§ YOUR TASK
Copy each line of the entries below that contains the string "alto".

§ SUPPLIED MATERIAL
***
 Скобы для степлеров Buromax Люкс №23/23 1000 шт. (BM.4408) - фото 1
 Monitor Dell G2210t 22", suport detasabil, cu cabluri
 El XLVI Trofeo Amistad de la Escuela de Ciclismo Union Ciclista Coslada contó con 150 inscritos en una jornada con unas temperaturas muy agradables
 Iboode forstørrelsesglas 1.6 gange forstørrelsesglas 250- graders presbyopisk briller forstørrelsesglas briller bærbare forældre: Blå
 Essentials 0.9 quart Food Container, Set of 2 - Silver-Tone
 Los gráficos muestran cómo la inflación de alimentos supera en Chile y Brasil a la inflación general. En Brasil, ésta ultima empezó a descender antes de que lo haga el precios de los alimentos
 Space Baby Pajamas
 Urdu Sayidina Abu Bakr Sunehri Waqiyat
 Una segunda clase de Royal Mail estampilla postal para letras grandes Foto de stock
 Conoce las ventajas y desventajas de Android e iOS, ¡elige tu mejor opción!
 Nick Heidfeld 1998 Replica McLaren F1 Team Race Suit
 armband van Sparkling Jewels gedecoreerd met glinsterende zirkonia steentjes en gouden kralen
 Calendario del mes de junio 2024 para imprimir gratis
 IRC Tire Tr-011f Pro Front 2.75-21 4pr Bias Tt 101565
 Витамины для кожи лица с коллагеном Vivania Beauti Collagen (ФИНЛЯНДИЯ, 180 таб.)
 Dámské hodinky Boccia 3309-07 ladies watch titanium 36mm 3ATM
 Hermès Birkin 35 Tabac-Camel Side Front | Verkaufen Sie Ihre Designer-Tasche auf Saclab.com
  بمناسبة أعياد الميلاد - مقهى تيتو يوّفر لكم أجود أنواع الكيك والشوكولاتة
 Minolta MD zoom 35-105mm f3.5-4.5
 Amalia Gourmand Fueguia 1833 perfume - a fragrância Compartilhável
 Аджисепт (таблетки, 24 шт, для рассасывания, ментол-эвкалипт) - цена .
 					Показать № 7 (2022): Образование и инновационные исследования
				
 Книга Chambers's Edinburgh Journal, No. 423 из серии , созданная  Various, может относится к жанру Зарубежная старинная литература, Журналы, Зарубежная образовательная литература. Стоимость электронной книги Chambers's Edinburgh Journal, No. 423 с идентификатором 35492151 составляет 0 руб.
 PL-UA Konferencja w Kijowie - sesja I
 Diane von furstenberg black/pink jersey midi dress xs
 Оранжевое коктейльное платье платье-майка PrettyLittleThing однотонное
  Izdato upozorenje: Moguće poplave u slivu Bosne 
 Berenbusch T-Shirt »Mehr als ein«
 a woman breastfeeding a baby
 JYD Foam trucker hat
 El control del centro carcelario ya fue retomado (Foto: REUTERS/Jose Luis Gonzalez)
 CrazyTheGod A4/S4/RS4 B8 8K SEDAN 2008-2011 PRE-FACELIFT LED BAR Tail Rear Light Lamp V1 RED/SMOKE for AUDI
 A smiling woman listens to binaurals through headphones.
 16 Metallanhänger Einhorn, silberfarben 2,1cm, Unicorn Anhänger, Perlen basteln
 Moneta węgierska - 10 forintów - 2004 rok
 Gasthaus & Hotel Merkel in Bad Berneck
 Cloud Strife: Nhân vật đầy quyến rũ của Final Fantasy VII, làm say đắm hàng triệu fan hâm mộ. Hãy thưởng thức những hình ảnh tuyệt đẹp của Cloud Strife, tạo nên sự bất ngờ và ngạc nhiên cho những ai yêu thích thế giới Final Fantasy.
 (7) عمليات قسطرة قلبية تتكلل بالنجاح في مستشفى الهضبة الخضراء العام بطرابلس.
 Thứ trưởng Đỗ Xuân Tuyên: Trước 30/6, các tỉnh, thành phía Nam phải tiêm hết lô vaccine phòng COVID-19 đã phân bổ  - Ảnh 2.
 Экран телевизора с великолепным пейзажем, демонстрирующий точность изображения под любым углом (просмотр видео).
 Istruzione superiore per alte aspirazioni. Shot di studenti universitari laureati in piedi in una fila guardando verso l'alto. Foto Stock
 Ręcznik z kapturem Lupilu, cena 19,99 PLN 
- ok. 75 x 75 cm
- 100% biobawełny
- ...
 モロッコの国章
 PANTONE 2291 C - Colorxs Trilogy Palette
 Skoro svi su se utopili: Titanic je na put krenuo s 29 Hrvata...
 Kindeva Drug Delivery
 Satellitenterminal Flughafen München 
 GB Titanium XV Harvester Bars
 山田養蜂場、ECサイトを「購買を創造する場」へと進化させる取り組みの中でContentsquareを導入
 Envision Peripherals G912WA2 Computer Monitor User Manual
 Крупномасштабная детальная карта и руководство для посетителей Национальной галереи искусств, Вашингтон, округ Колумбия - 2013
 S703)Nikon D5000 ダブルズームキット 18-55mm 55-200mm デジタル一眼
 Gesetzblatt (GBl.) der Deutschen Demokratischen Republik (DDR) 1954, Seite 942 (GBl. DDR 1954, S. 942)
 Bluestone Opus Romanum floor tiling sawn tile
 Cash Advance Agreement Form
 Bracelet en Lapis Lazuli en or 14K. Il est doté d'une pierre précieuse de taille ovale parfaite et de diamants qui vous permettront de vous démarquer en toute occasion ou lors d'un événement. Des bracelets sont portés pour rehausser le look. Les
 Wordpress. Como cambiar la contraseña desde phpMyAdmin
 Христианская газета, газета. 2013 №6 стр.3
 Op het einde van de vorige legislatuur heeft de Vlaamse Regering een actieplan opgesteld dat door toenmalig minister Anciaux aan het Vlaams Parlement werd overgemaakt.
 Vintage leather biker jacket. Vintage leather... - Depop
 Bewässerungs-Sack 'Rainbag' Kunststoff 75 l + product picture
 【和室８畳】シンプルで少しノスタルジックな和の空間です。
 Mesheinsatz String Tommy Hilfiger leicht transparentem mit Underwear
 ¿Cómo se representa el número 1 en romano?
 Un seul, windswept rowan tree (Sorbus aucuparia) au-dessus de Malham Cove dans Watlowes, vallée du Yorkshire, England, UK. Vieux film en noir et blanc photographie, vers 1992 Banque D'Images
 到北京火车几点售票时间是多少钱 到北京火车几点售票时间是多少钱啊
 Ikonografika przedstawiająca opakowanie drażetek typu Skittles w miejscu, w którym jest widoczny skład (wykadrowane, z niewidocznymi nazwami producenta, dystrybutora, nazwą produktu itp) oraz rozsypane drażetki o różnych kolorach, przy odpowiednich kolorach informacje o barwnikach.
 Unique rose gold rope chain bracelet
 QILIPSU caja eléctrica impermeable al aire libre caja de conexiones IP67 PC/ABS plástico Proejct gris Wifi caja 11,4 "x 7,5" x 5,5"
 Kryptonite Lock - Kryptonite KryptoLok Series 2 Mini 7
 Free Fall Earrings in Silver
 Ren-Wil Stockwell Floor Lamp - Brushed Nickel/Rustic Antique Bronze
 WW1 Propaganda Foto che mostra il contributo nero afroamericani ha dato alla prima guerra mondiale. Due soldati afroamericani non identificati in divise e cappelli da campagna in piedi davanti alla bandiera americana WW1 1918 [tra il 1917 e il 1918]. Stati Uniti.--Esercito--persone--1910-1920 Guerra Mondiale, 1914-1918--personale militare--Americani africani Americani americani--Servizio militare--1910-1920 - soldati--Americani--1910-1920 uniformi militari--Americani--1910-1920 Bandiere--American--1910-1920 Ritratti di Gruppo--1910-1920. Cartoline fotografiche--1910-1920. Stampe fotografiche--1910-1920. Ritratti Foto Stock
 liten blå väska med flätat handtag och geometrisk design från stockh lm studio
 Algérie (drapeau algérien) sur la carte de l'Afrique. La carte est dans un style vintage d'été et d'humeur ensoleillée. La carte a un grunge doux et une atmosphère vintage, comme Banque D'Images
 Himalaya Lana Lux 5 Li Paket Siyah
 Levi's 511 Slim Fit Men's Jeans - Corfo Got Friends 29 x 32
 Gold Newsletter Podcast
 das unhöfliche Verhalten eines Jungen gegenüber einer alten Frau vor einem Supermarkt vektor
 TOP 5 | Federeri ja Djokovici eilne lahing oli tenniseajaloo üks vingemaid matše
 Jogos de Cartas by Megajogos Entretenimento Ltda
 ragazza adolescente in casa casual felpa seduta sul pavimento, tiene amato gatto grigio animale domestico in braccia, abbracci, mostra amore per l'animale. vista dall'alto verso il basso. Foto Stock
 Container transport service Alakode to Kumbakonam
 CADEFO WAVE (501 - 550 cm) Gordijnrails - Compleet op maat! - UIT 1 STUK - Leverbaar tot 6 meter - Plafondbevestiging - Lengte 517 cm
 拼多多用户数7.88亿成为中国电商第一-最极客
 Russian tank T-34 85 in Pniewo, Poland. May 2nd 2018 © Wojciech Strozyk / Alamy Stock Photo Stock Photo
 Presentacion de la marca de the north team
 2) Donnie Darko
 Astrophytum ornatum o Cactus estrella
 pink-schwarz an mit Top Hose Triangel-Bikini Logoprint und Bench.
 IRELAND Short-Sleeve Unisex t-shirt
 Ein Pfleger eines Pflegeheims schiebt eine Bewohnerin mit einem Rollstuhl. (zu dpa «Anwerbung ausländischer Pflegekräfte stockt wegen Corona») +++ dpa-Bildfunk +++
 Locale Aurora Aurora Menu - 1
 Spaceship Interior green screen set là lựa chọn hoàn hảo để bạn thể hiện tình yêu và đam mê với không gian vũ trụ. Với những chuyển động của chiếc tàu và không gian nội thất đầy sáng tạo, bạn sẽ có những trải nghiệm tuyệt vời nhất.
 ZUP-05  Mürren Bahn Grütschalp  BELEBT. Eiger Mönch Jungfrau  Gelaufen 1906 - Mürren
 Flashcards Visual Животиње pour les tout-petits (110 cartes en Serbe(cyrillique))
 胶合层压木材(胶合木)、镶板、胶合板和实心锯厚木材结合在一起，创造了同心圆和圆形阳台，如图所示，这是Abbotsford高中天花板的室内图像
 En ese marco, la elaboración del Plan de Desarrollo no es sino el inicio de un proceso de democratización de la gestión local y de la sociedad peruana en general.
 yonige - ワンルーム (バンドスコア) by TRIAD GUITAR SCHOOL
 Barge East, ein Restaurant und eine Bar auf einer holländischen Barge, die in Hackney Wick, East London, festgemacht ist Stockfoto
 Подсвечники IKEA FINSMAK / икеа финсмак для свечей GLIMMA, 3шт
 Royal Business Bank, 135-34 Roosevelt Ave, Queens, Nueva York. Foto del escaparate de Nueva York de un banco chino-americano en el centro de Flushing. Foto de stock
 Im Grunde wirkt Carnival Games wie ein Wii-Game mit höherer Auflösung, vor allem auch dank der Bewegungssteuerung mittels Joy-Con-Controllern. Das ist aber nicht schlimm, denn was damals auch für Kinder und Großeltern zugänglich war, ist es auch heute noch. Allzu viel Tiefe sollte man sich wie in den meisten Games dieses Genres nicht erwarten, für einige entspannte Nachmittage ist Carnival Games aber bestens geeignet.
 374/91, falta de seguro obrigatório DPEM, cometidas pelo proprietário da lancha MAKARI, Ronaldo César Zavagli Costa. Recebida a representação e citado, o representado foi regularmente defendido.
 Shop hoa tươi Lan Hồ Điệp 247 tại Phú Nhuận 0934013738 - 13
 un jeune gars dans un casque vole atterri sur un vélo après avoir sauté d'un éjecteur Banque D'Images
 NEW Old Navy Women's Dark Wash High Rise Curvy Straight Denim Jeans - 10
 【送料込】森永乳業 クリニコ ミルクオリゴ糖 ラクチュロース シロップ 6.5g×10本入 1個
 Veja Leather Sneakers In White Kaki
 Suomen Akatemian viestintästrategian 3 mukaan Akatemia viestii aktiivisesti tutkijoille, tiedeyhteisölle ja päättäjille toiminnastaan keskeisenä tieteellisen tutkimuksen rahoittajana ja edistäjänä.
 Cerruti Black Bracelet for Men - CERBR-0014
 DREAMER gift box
***
§ RESPONSE TO THIS TASK
 Istruzione superiore per alte aspirazioni. Shot di studenti universitari laureati in piedi in una fila guardando verso l'alto. Foto Stock
 ragazza adolescente in casa casual felpa seduta sul pavimento, tiene amato gatto grigio animale domestico in braccia, abbracci, mostra amore per l'animale. vista dall'alto verso il basso. Foto Stock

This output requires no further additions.